Patsystems to renegotiate connectivity contracts

Patsystems, the London-based independent software vendor (ISV), will renegotiate a 'substantial' number of unprofitable contracts with clients in its latest strategic review.

The move could prove the first of many in an industry seemingly poised for a substantial shake-up as vendors offering electronic exchange connectivity look to generate revenues from existing relationships. It is no secret that a number of ISVs that 'bought' market share by offering discounted rates are facing difficulties realising profits.

Patsystems is also reappraising 20 third-party relationships with the view to terminating those that are a drain on its resources.

"Certain customers appear to have been offered use of patsystems’ products at a rate that created unfair competitive advantage over other patsystems’ customers or prospects," the company said.

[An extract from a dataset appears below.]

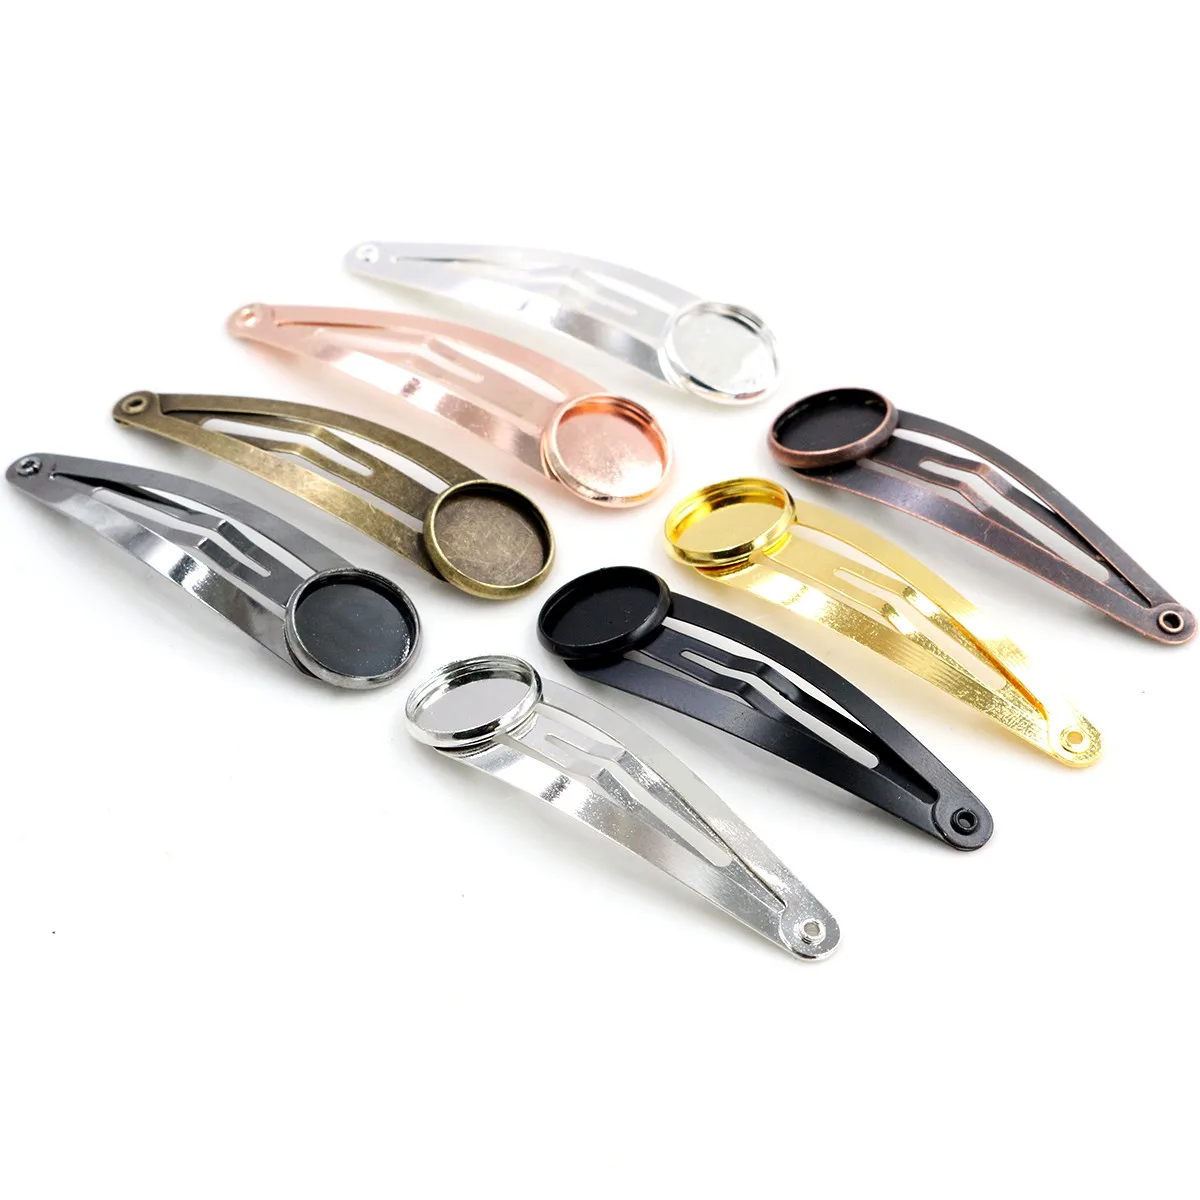 

10pcs/lot 12mm High Quality Classic Hairpin Clips Base Settings Copper Material Cabochon Cameo Blank Base DIY Jewelry Findings, Multi-colors

The firm added that in many cases such arrangements had been agreed by previous patsystems directors without the knowledge or approval of the full board.

In a recent interview with Risk magazine, Nick Garrow, Patsystems’ global head of sales, aired his thoughts on the future rationalisation of vendors in the industry: "I think the big trend that we’ll see this year will be consolidation," said Garrow. "I mean this from a number of angles: exchanges will consolidate through merger activity and the exchange technology will converge with other mainstream trading and risk systems."

Patsystems has allocated £1.1 million to upgrade its current technology platform, with a view to increasing sales prospects through a modified product range.

"ISVs will have to focus from a technology and delivery perspective on what area of the market they are after. I believe that there is only space for about five or six ISVs in the connectivity market," said Garrow.